When Jane Street’s $120,000 “Real-Time Market Data Forecasting” Kaggle competition closes tomorrow, submitted forecasts will be evaluated using $R^2$:

Submissions are evaluated on a scoring function defined as the sample weighted zero-mean R-squared score ($R^2$) of responder_6. The formula is give by: $R^2 = 1 - \frac{\sum w_i(y_i - \hat{y}_i)^2}{\sum w_i y_i^2}$ where $y$ and $\hat{y}$ are the ground-truth and predicted value vectors of responder_6, respectively; $w$ is the sample weight vector.

Stats 101 courses have left $R^2$ with a bad rep as gameable regression metric. But I’ve come to appreciate it as a metric in forecasting—when calculated on the test set with the total-sum-of-squares denominator based on the test period’s empirical mean, $\bar{y}_{T,h} = \sum_{t = T+1}^{T+h}y_t$, where $T$ is the training set’s last observation and $h$ the number of observations in the test set. Then:

\[ R^2 = 1 - \frac{\sum_{t = T+1}^{T+h}(y_t - \hat{y}_t)^2}{\sum_{t = T+1}^{T+h}(y_t - \bar{y}_{T,h})^2} \]

Above definition gives the total-sum-of-squares the advantage of future knowledge included in $\bar{y}_{T,h}$ that the predictions $\hat{y}_t$ used for the residual-sum-of-squares do not have. In comparison to its linear regression origin, this test set-focused definition is not going to improve as parameters are added to the forecast model. But it does keep its interpretability:

A value of 1 indicates a perfect model
A value of 0 indicates a model as good as the test mean (the latter being a forecast that is both perfectly unbiased and perfectly predicts the total sum over the forecast horizon)
Any negative value indicates a model that isn’t even as good as the simple test mean (but then again, the test mean uses future knowledge)

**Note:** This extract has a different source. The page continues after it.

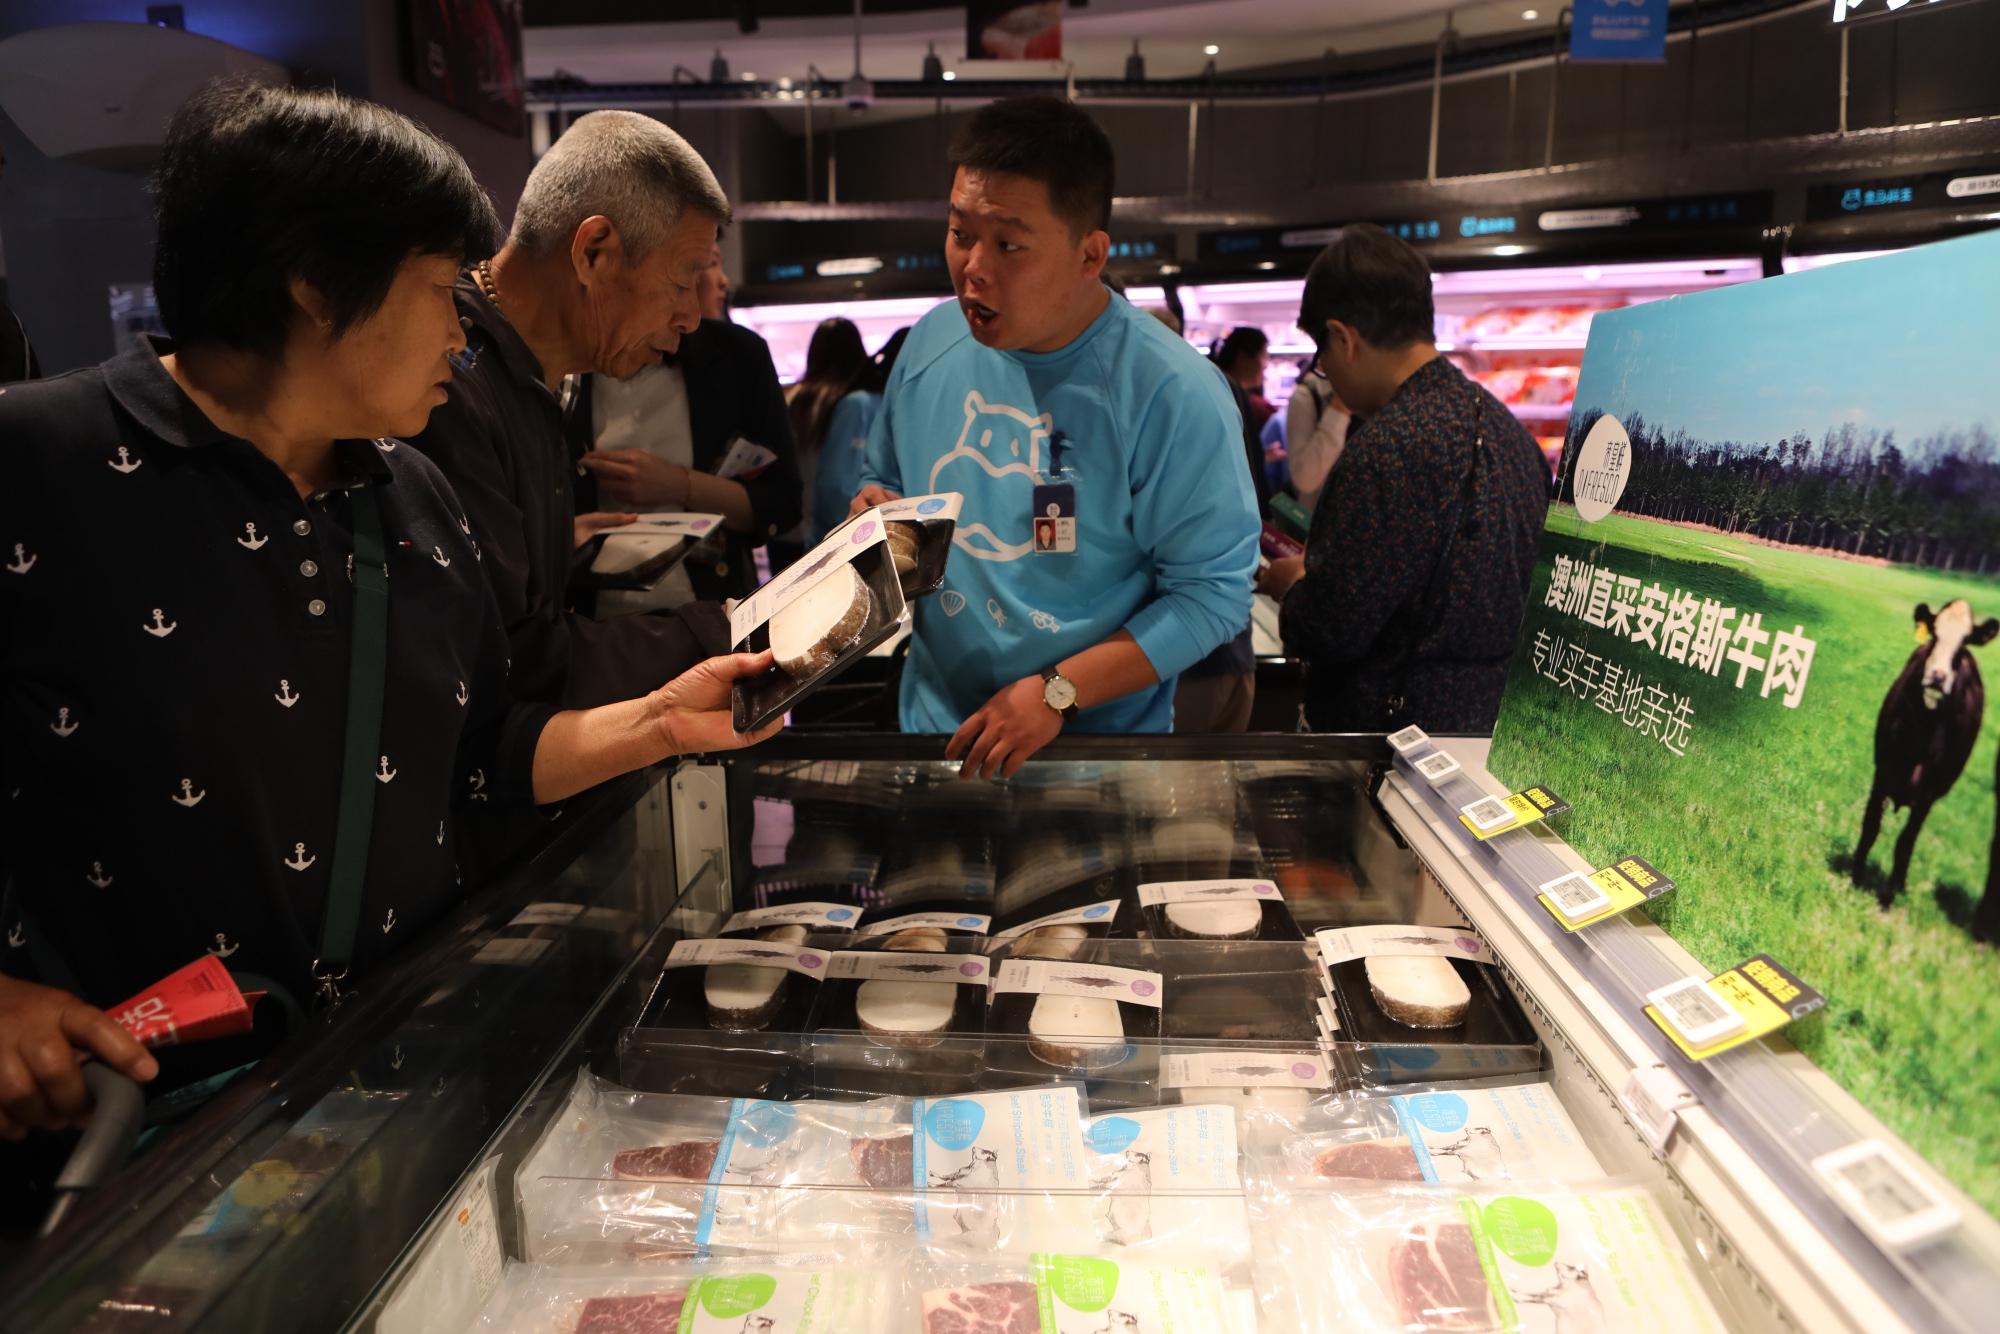 深圳哪里吃海鲜好_太疯狂!新零售标杆盒马生鲜西安首店正式开业,吃货们捞空了 ...

For example, when predicting the final twelve months of AirPassengers data, the obviously poor prediction given by the training set mean results in an $R^2$ of -8.24 whereas a seasonal naive prediction achieves an $R^2$ of 0.54.

This shouldn’t come as a suprise. Interpreting $R^2$ as the fraction of (test) variance explained, the seasonal naive prediction can explain more than half of the variance that the test mean left unexplained. The model captures a large part of the signal hidden in the data’s variation.

Just like Jane Street replaced the test set empirical mean in their definition of $R^2$ by zero, which in their application of predicting expected financial returns is a hard to beat expected value, one could replace the total sum of squares denominator by the squared errors of a different benchmark such as seasonal naive predictions when it is known that due to the data’s seasonality the seasonal naive prediction will consistently outperform the test set mean despite its future knowledge. Thus, $R^2$ is not so different from the more common relative measures such as the Relative Mean Squared Error described in section 6.1.4 of Hewamalage et al. (2022), or Skill Scores employed in weather prediction described by Murphy (1988).

Then again, when a time series’ variance is not dominated by its seasonal component, $R^2$ and its interpretation as fraction of variance explained can leave a damning picture of a model’s forecasts not actually being all that skillful. It casts doubt by asking how much signal your model has picked up to meaningfully predict future variation. Suddenly any value larger than zero will feel like an enormous success.